### DATASET

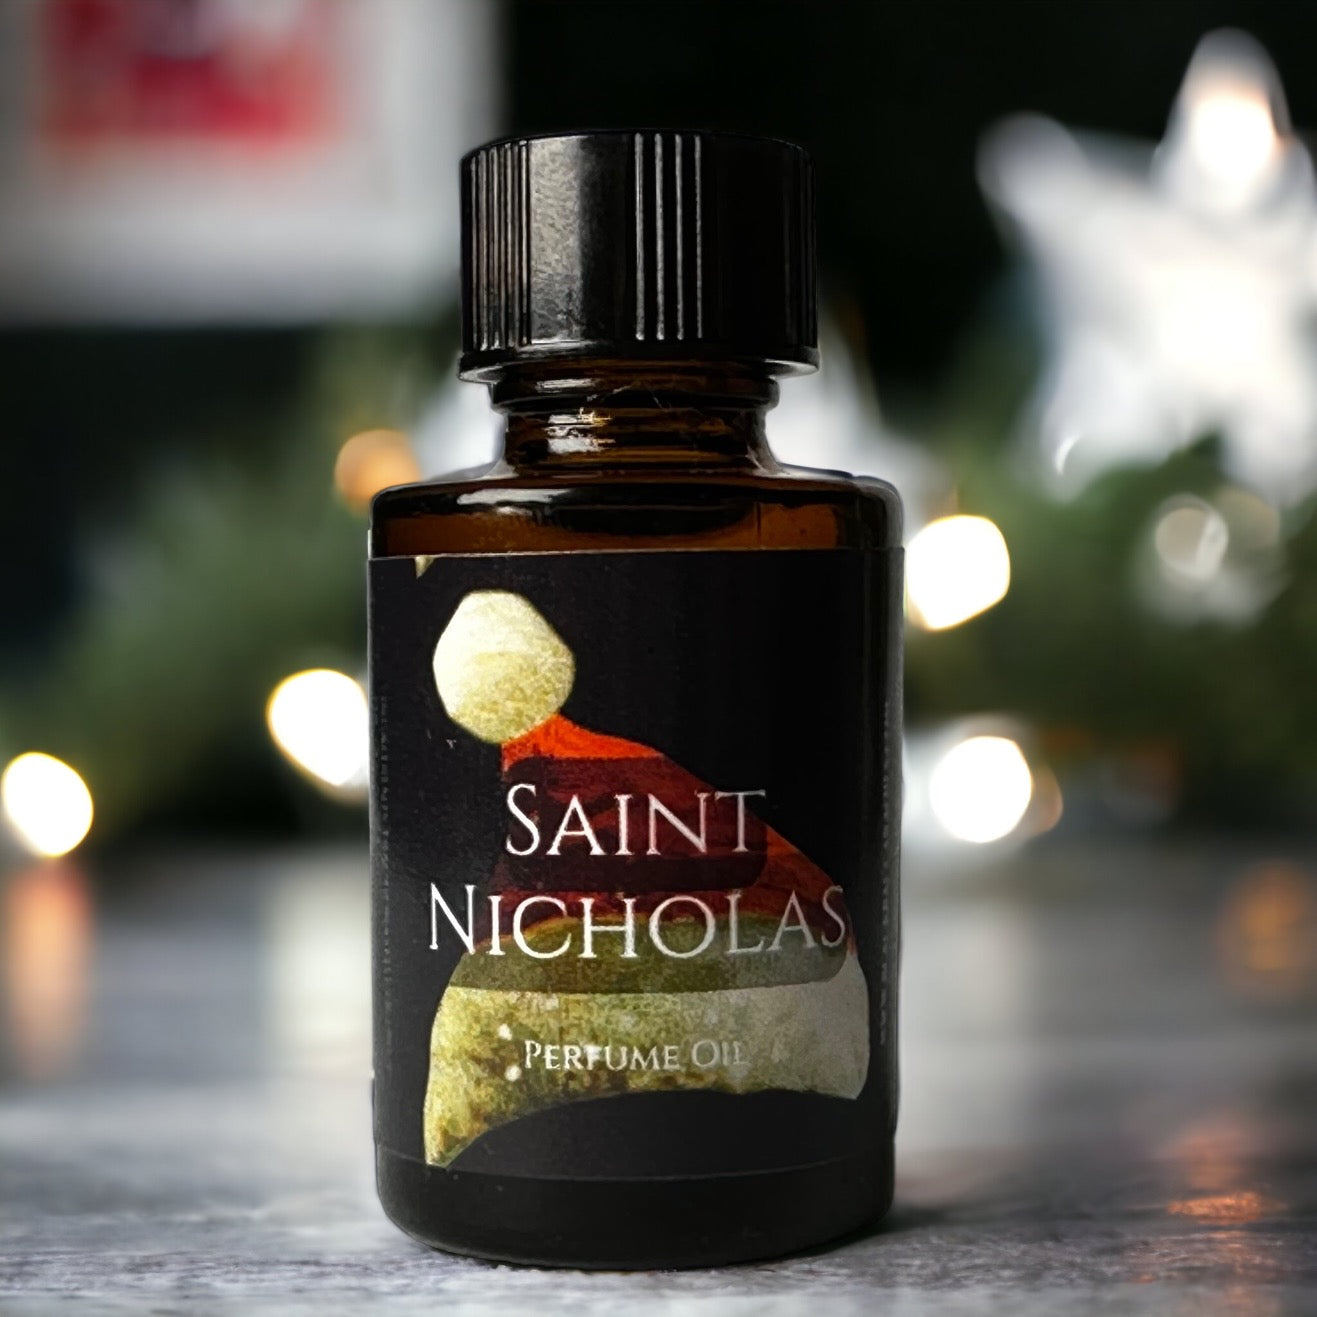 Saint Nicholas perfume
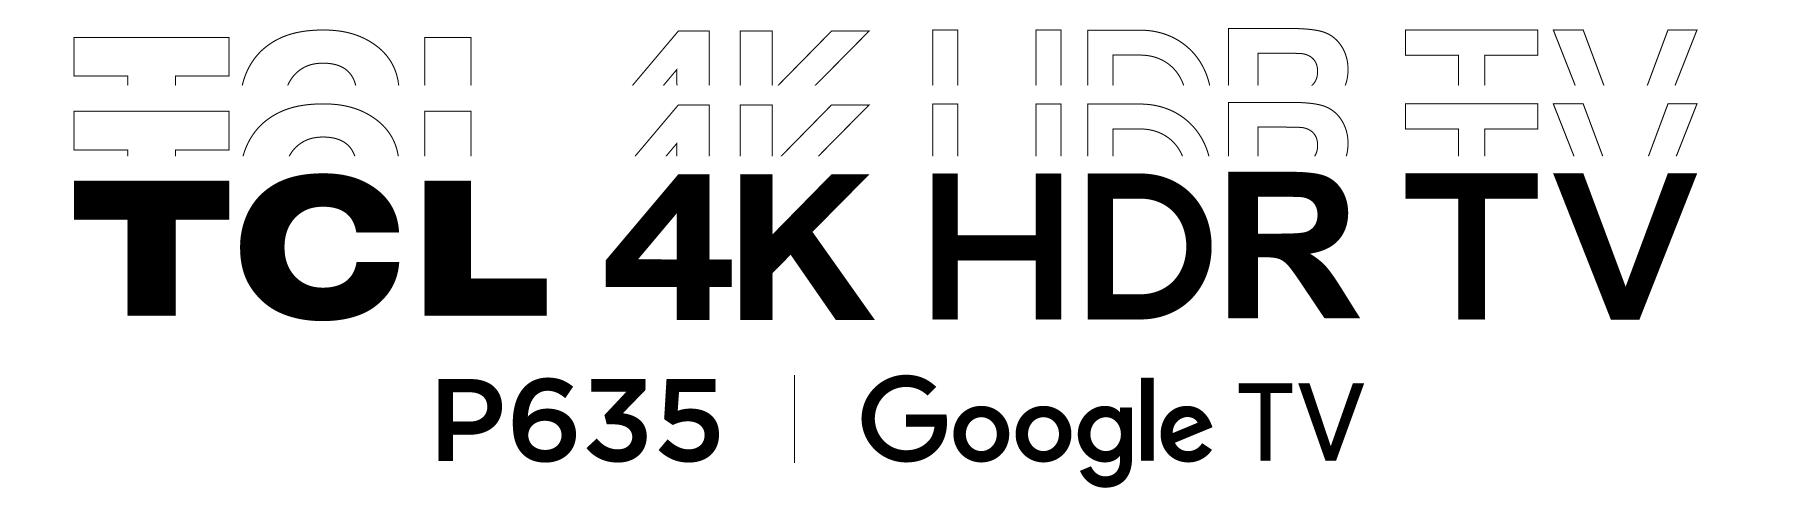 P635 4K HDR Google TV
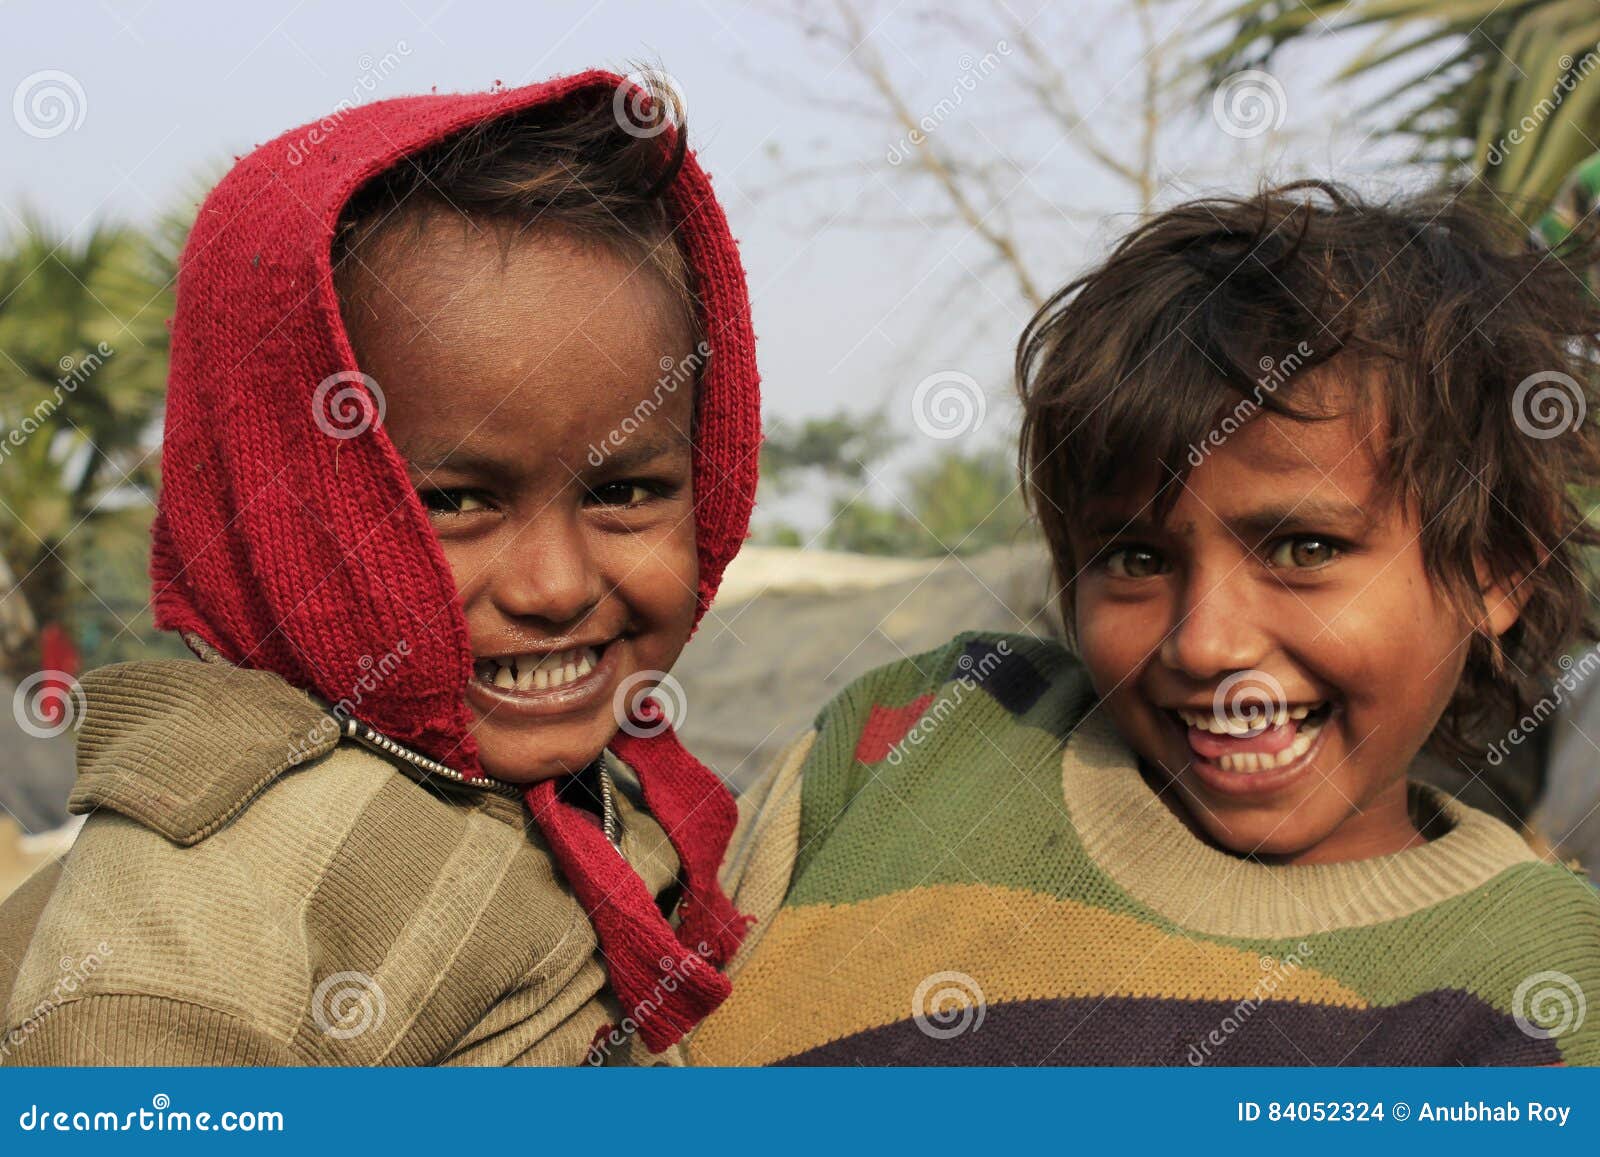 Portrait Of Little Vagabond Kids Homeless Kids Editorial Stock Image Image Of Downcast Children
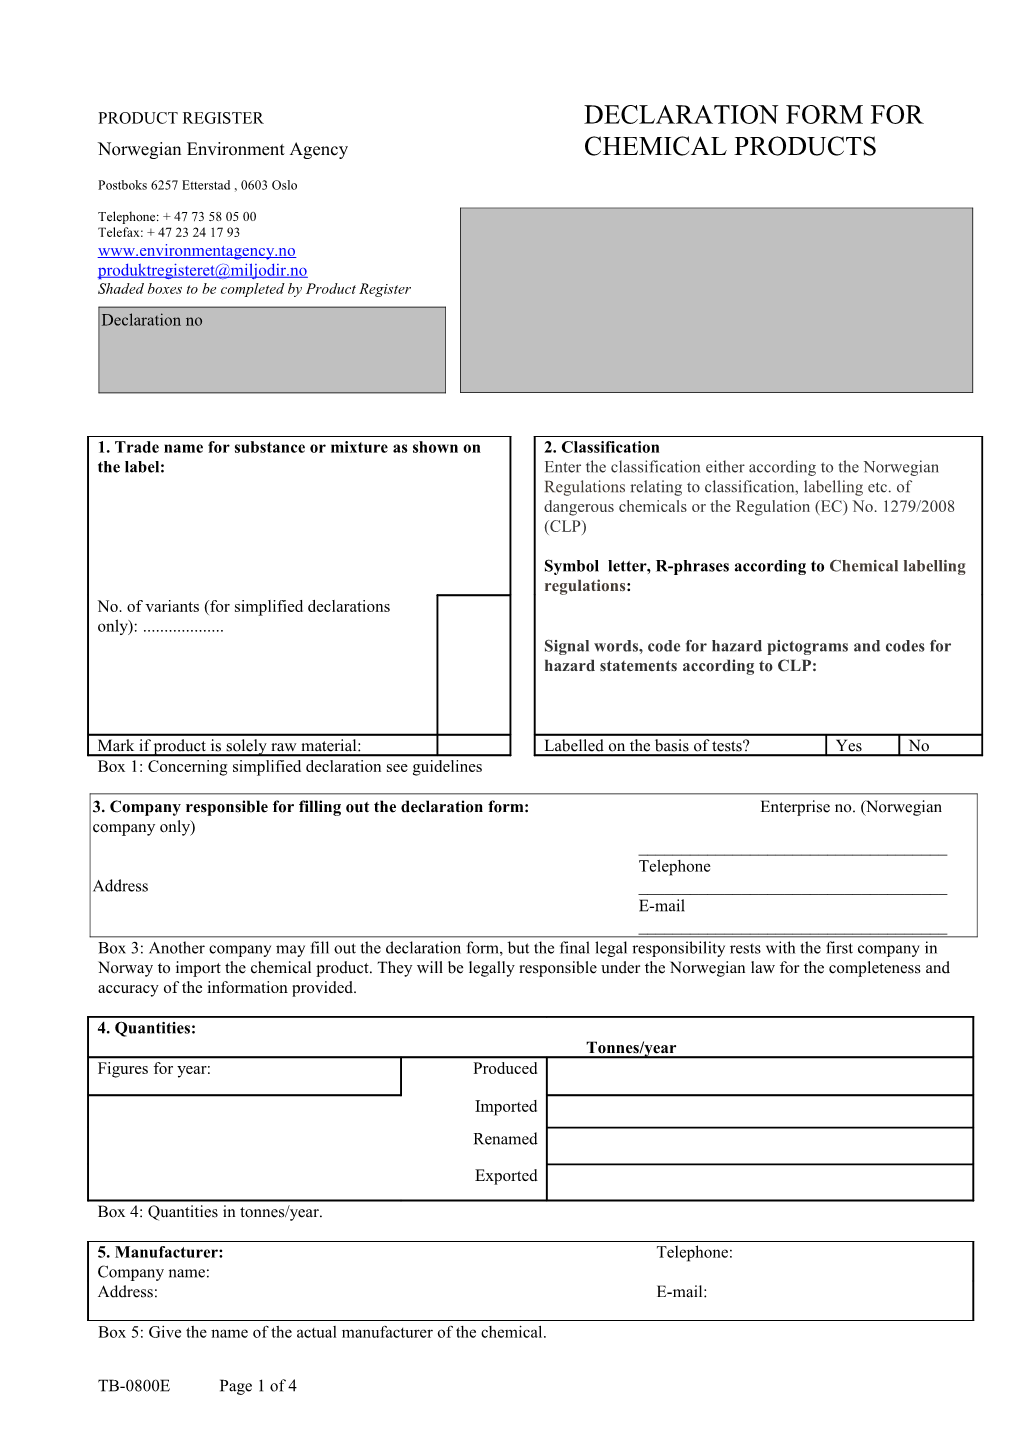 Product Registerdeclaration Form For
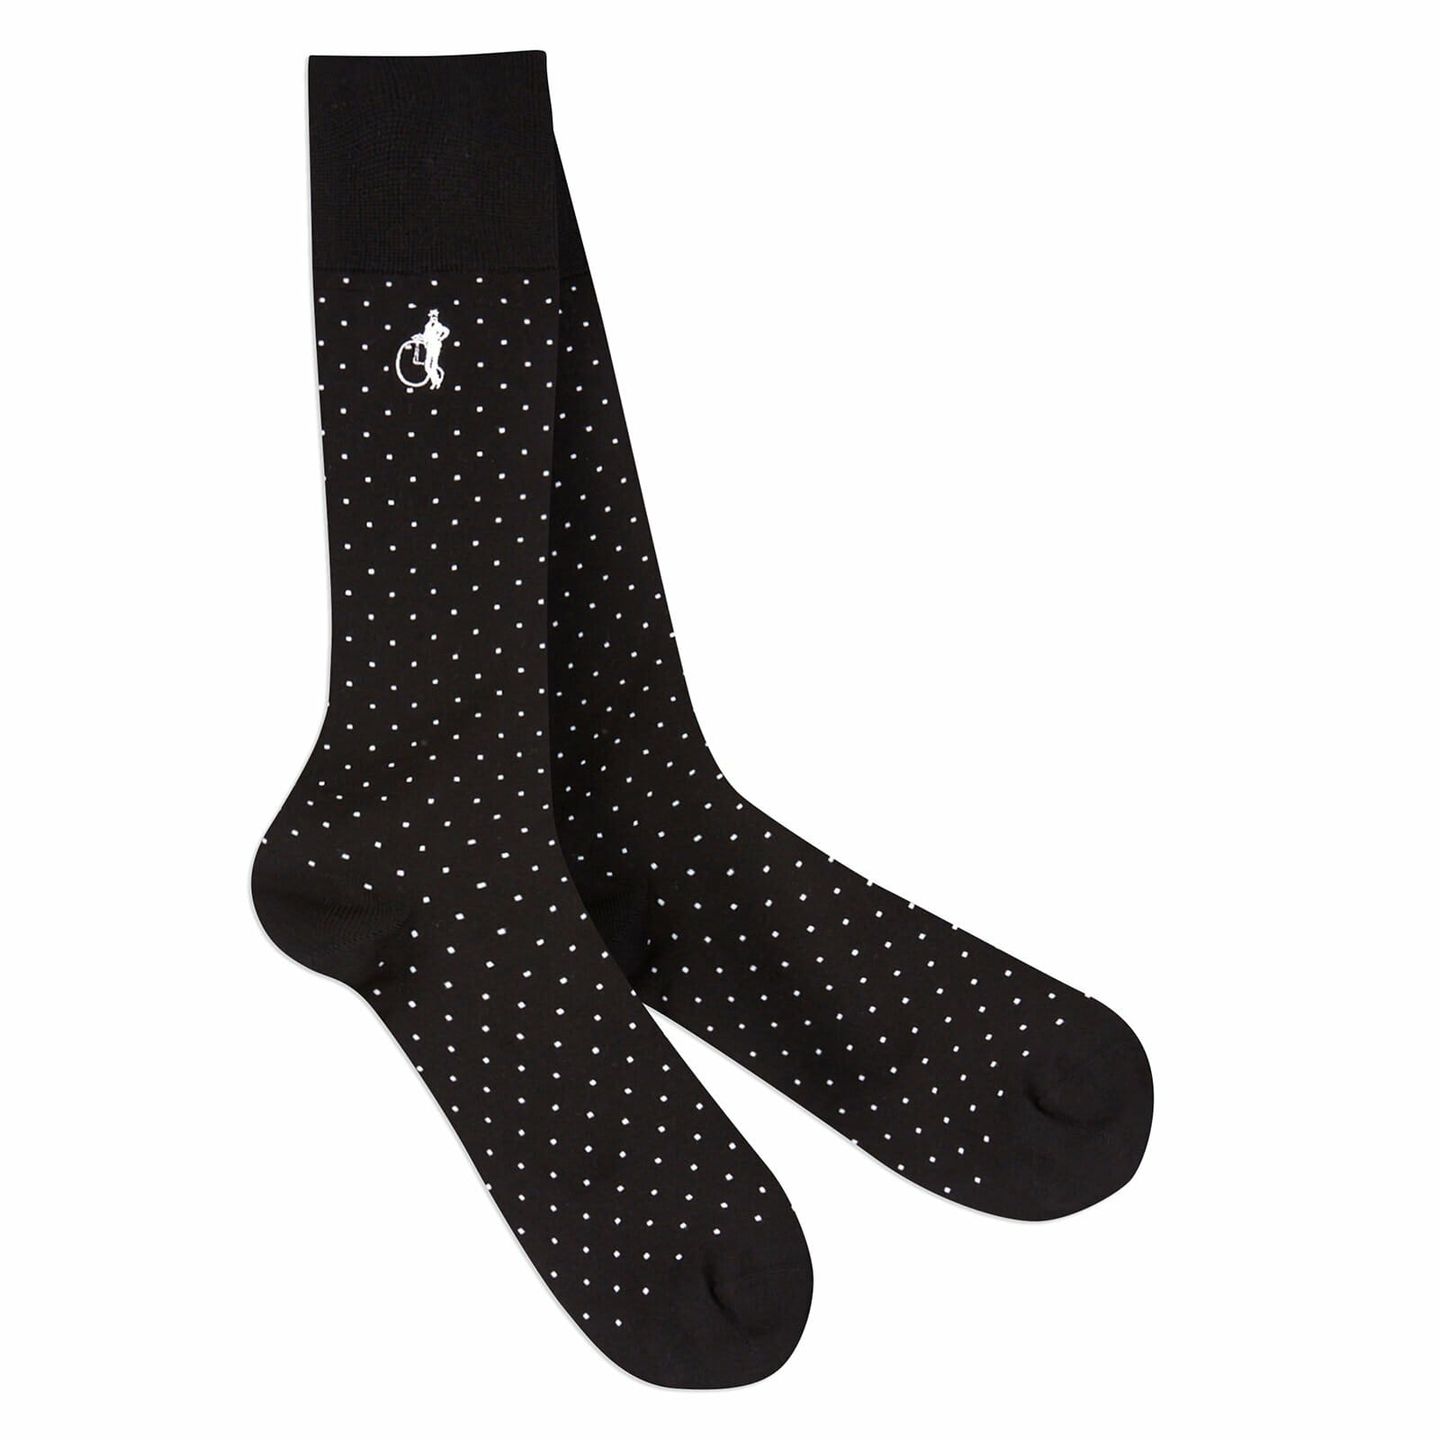 Spot of Style Socks
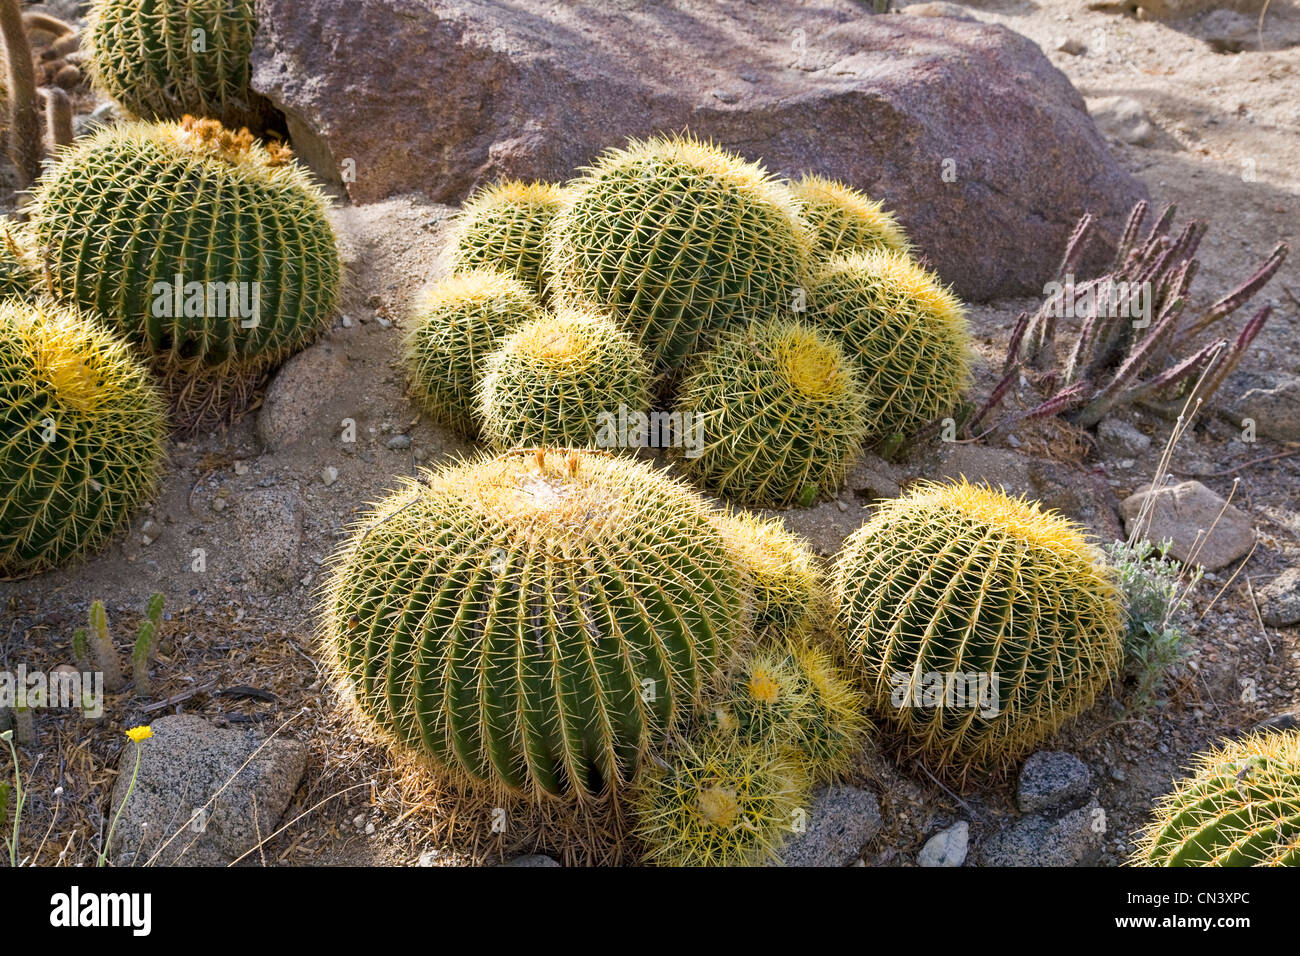 https://c8.alamy.com/comp/CN3XPC/barrel-or-fish-hook-cactus-found-in-the-sonora-desert-CN3XPC.jpg

######

EXERCISE DETAILS:
Give back every entry word for word, and drop the pictures as you go.

RESPONSE BELOW:
 Saint Nicholas perfume
 P635 4K HDR Google TV
 Portrait Of Little Vagabond Kids Homeless Kids Editorial Stock Image Image Of Downcast Children
 Product Registerdeclaration Form For
 Spot of Style Socks
 https://c8.alamy.com/comp/CN3XPC/barrel-or-fish-hook-cactus-found-in-the-sonora-desert-CN3XPC.jpg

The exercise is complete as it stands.